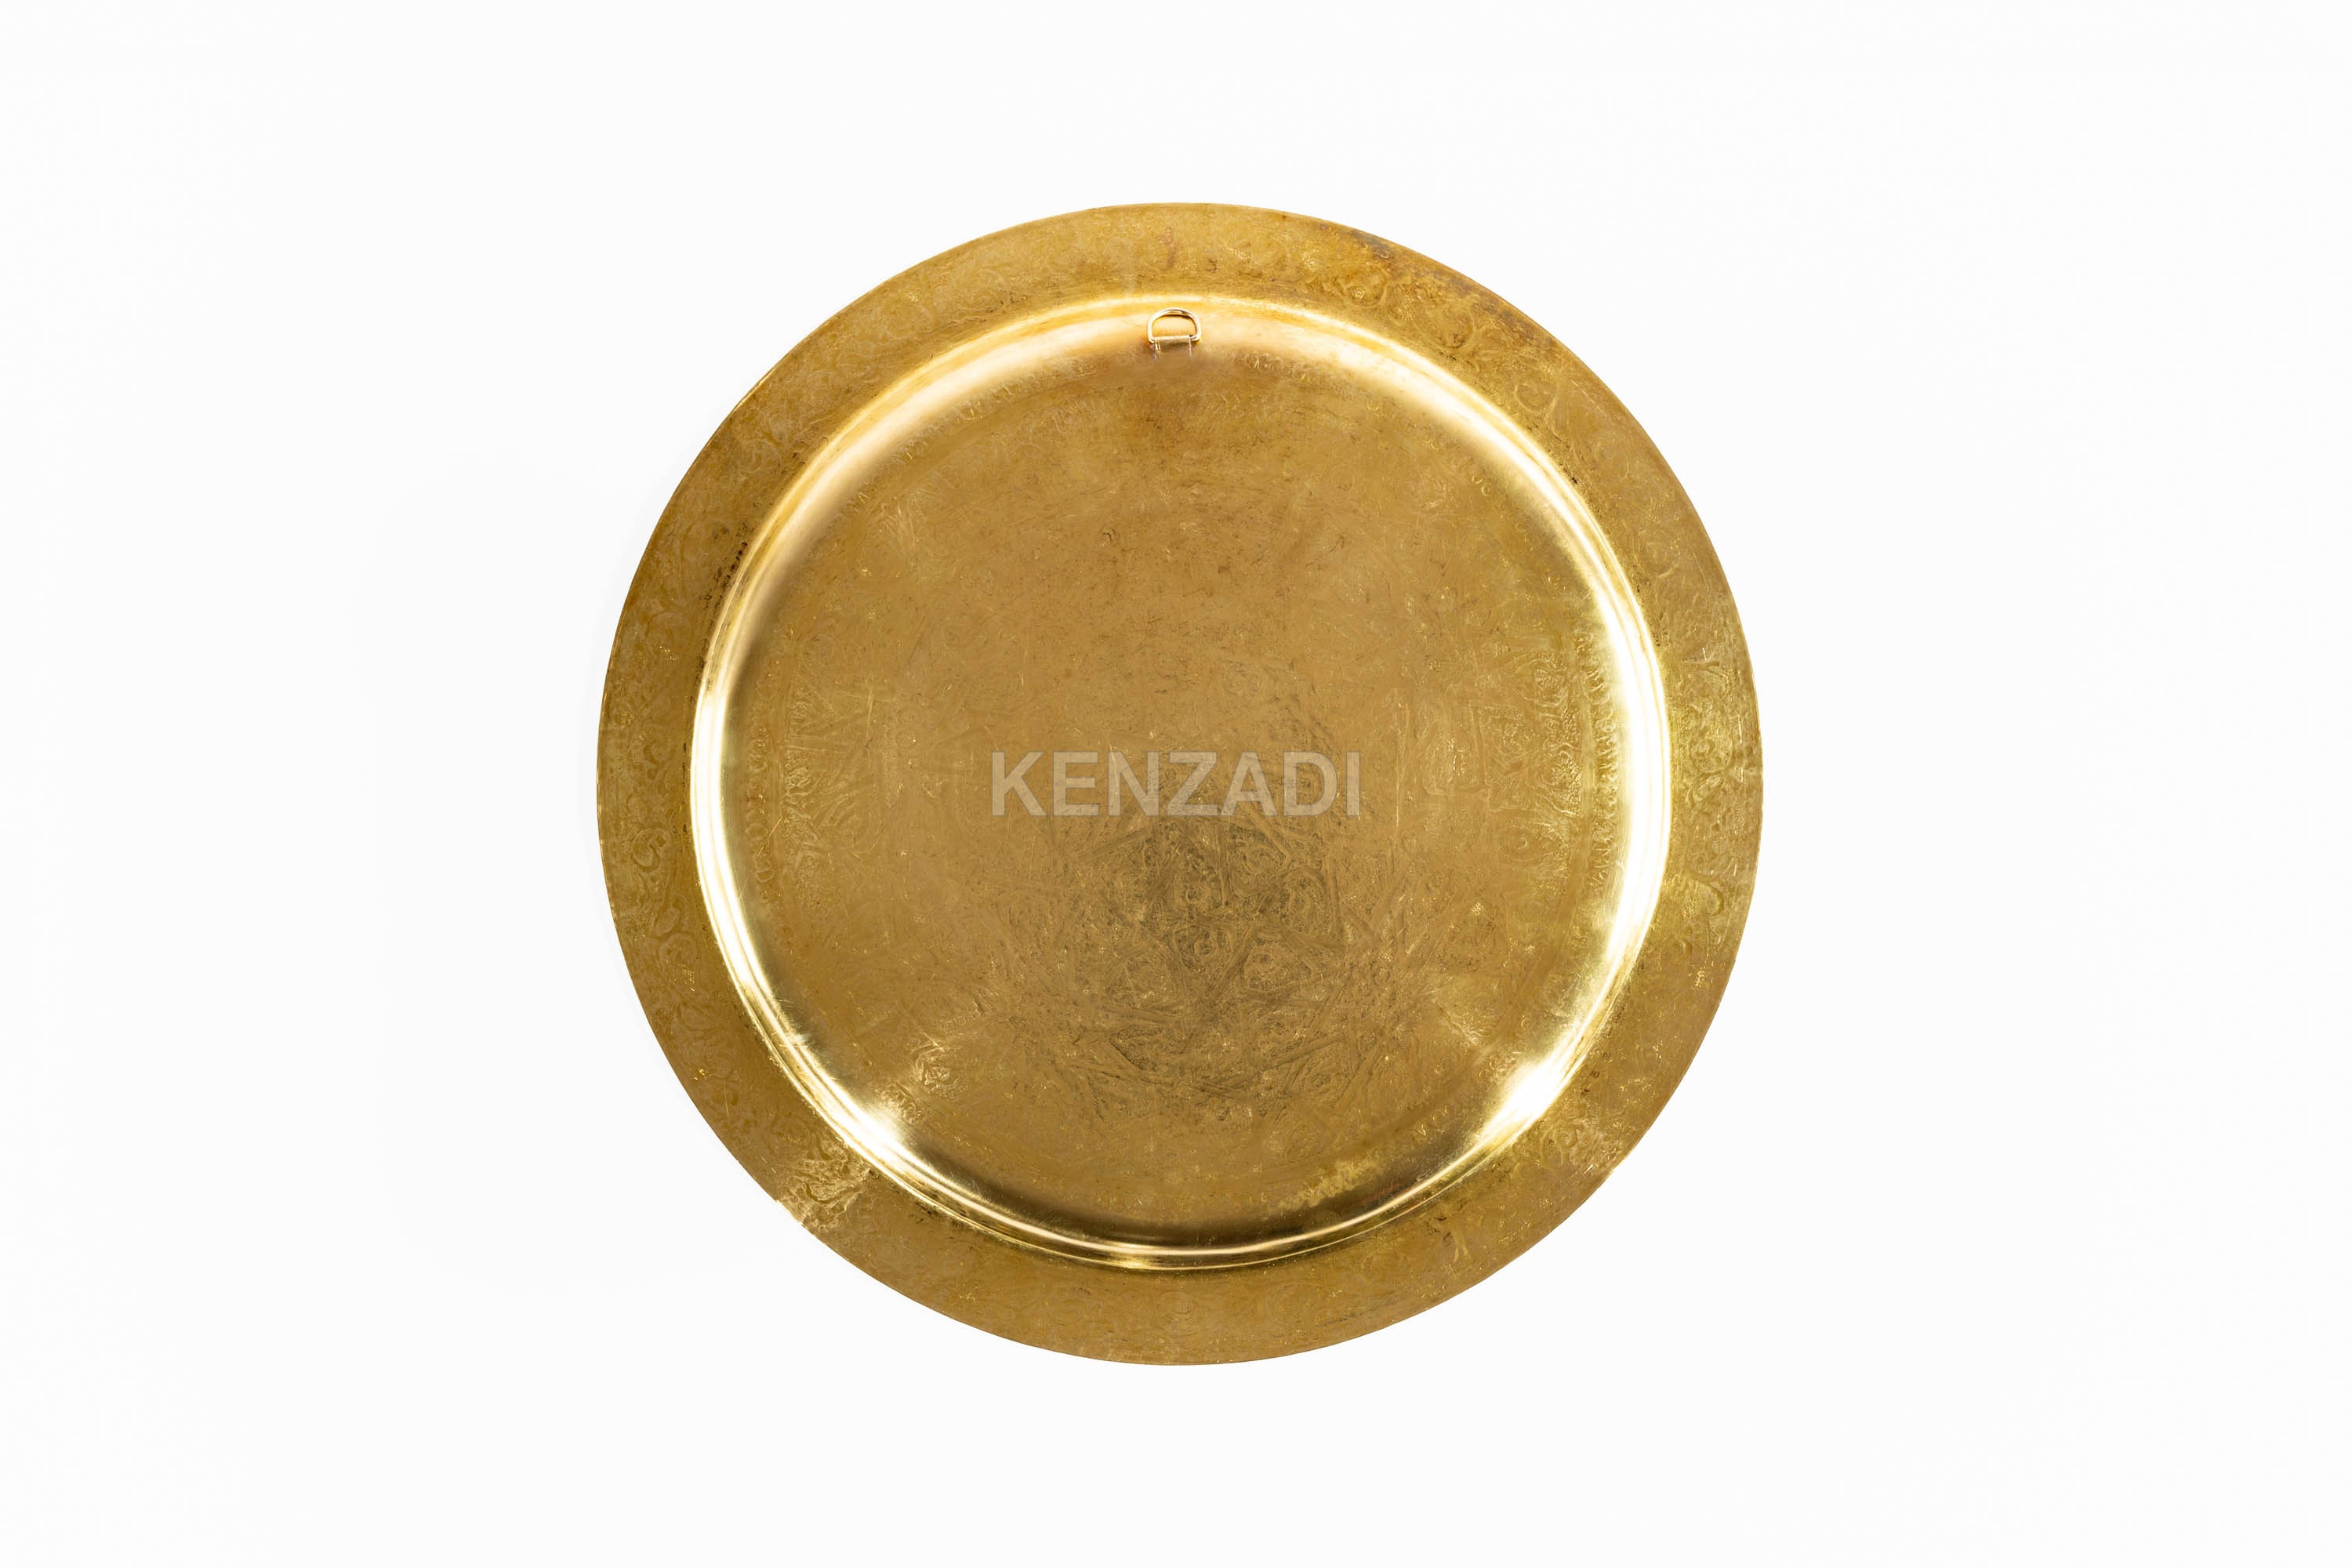 Moroccan Handmade Brass Tray Gold Colored Plated w/ Hanging ring From Fes Morocco African Marrakech Decor
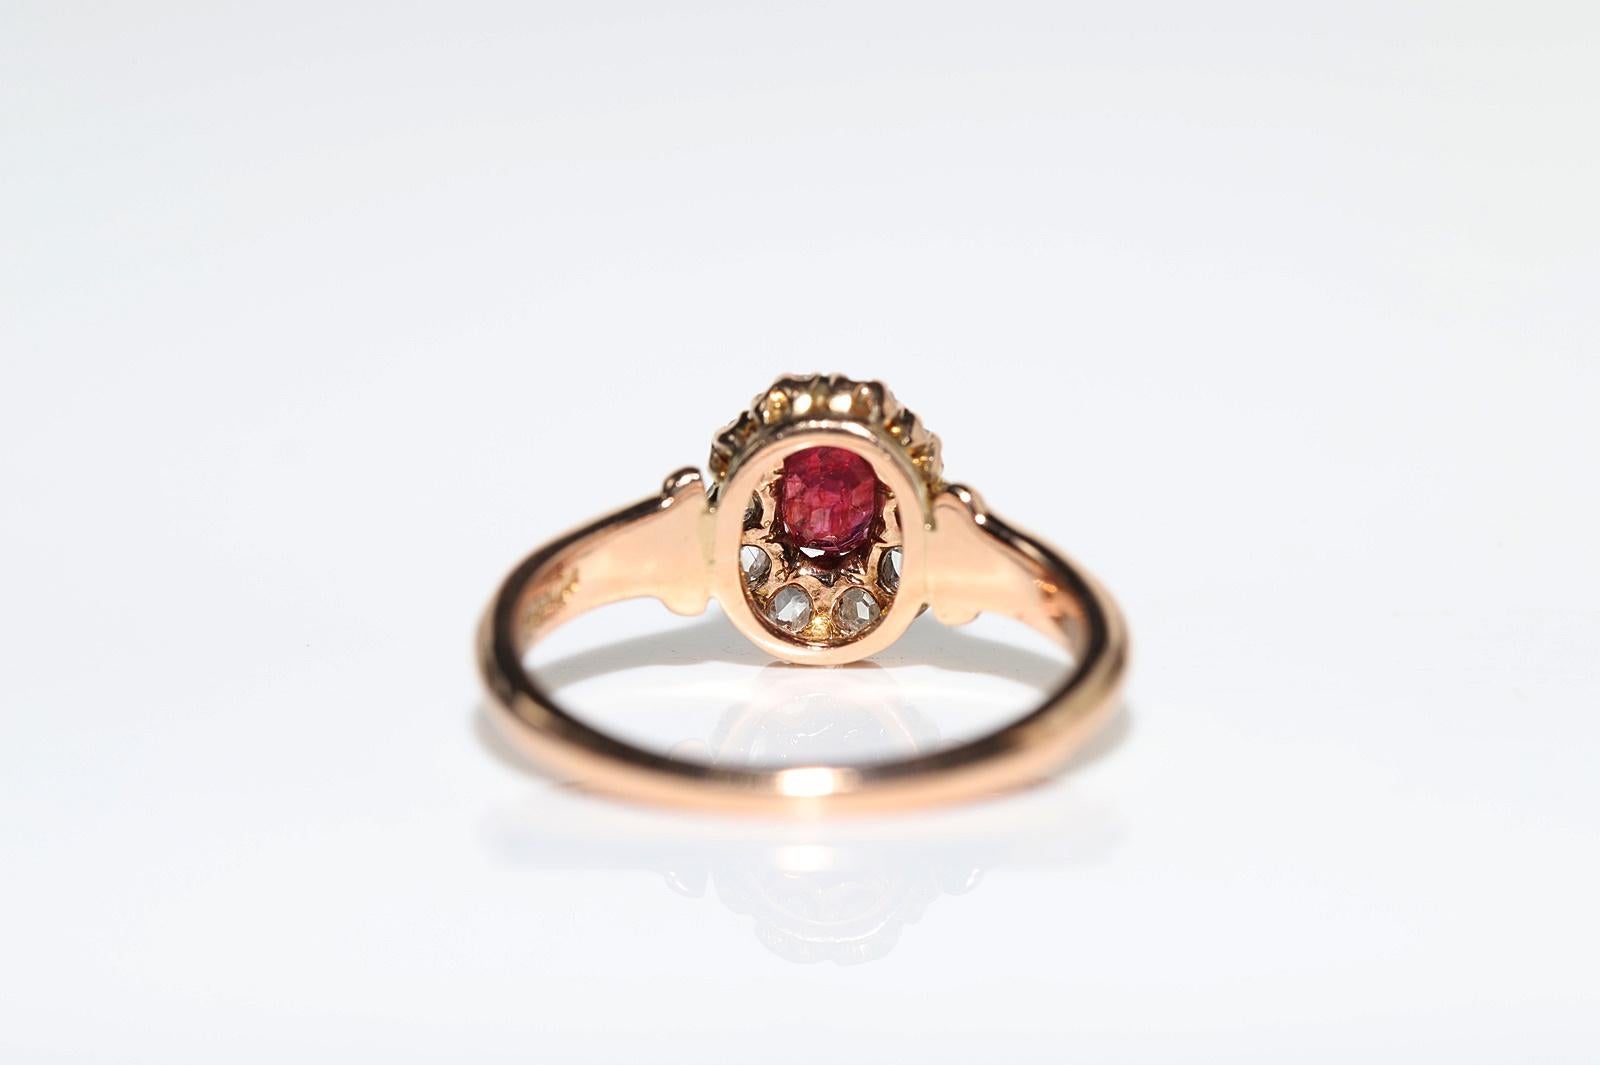 Antique Circa 1900s 14k Gold Natural Rose Cut Diamond And Ruby Decorated Ring 2
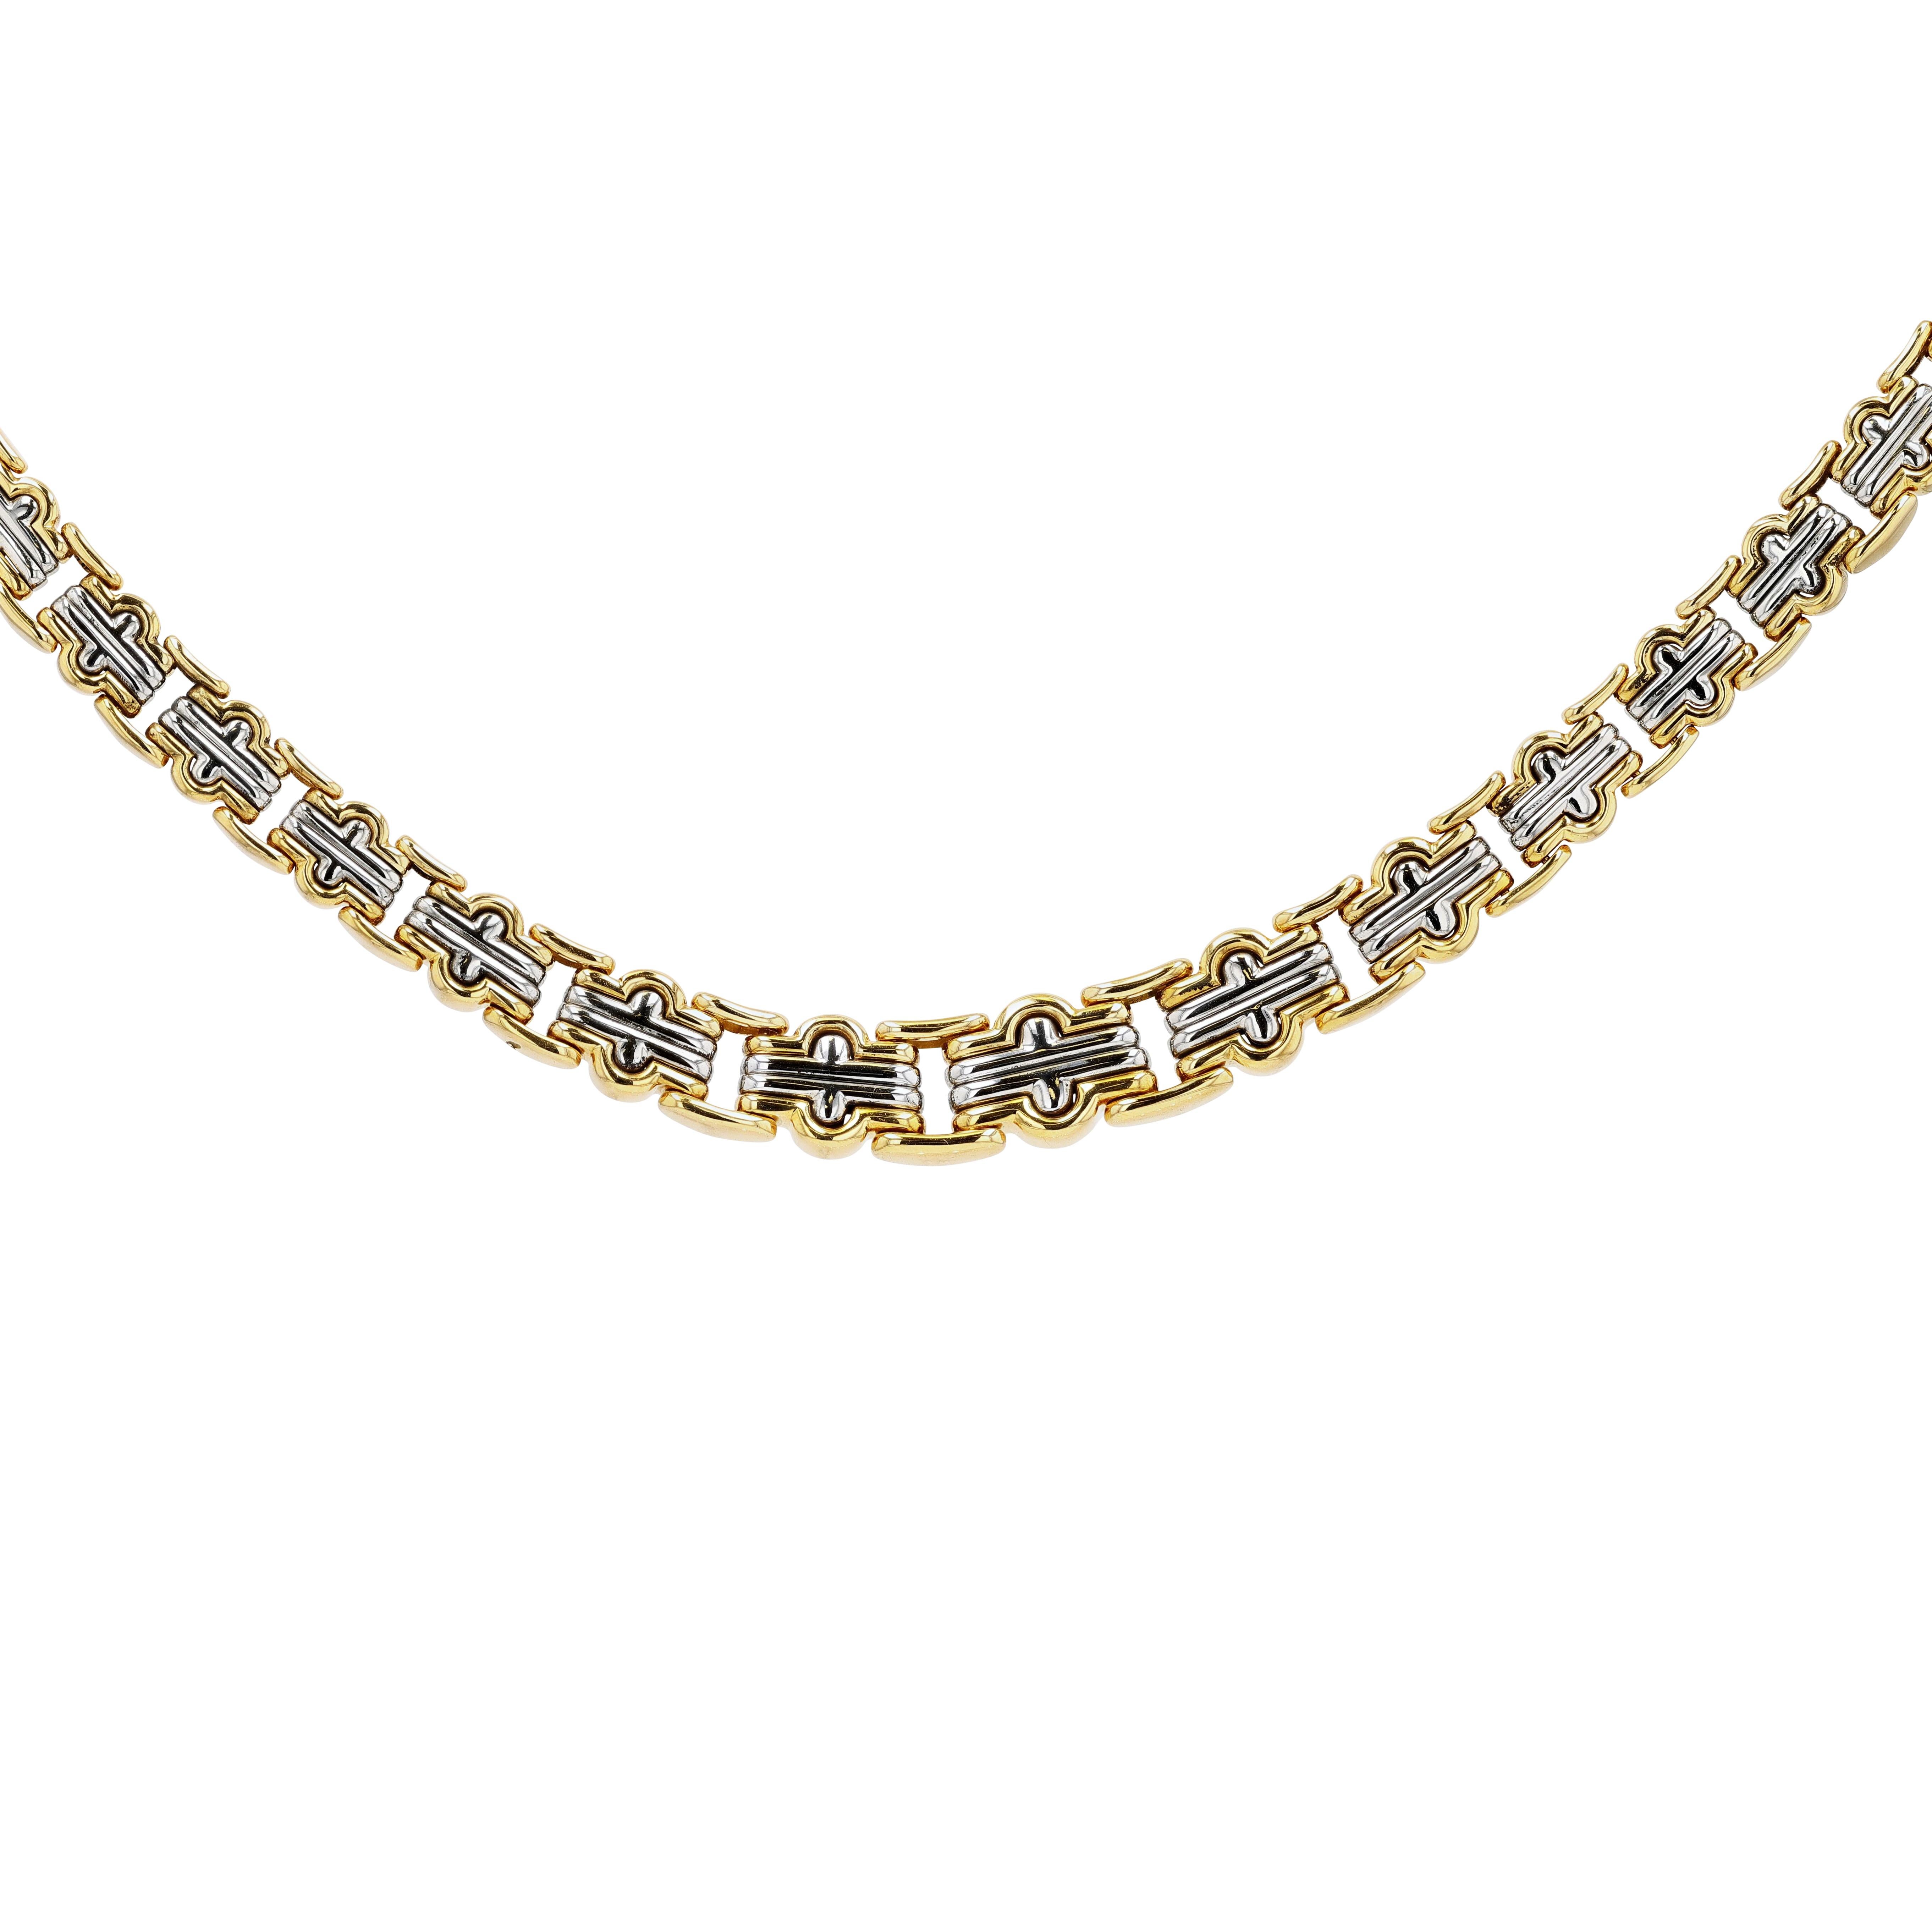 Bulgari Parentessi 18k/SS necklace  In Excellent Condition For Sale In Princeton, NJ

### WHAT TO DO
Print the material in full and exactly; the pictures must not be printed.

### YOUR SOLUTION
 Moroccan Handmade Brass Tray Gold Colored Plated w/ Hanging ring From Fes Morocco African Marrakech Decor
 Antique Circa 1900s 14k Gold Natural Rose Cut Diamond And Ruby Decorated Ring 2
 Bulgari Parentessi 18k/SS necklace  In Excellent Condition For Sale In Princeton, NJ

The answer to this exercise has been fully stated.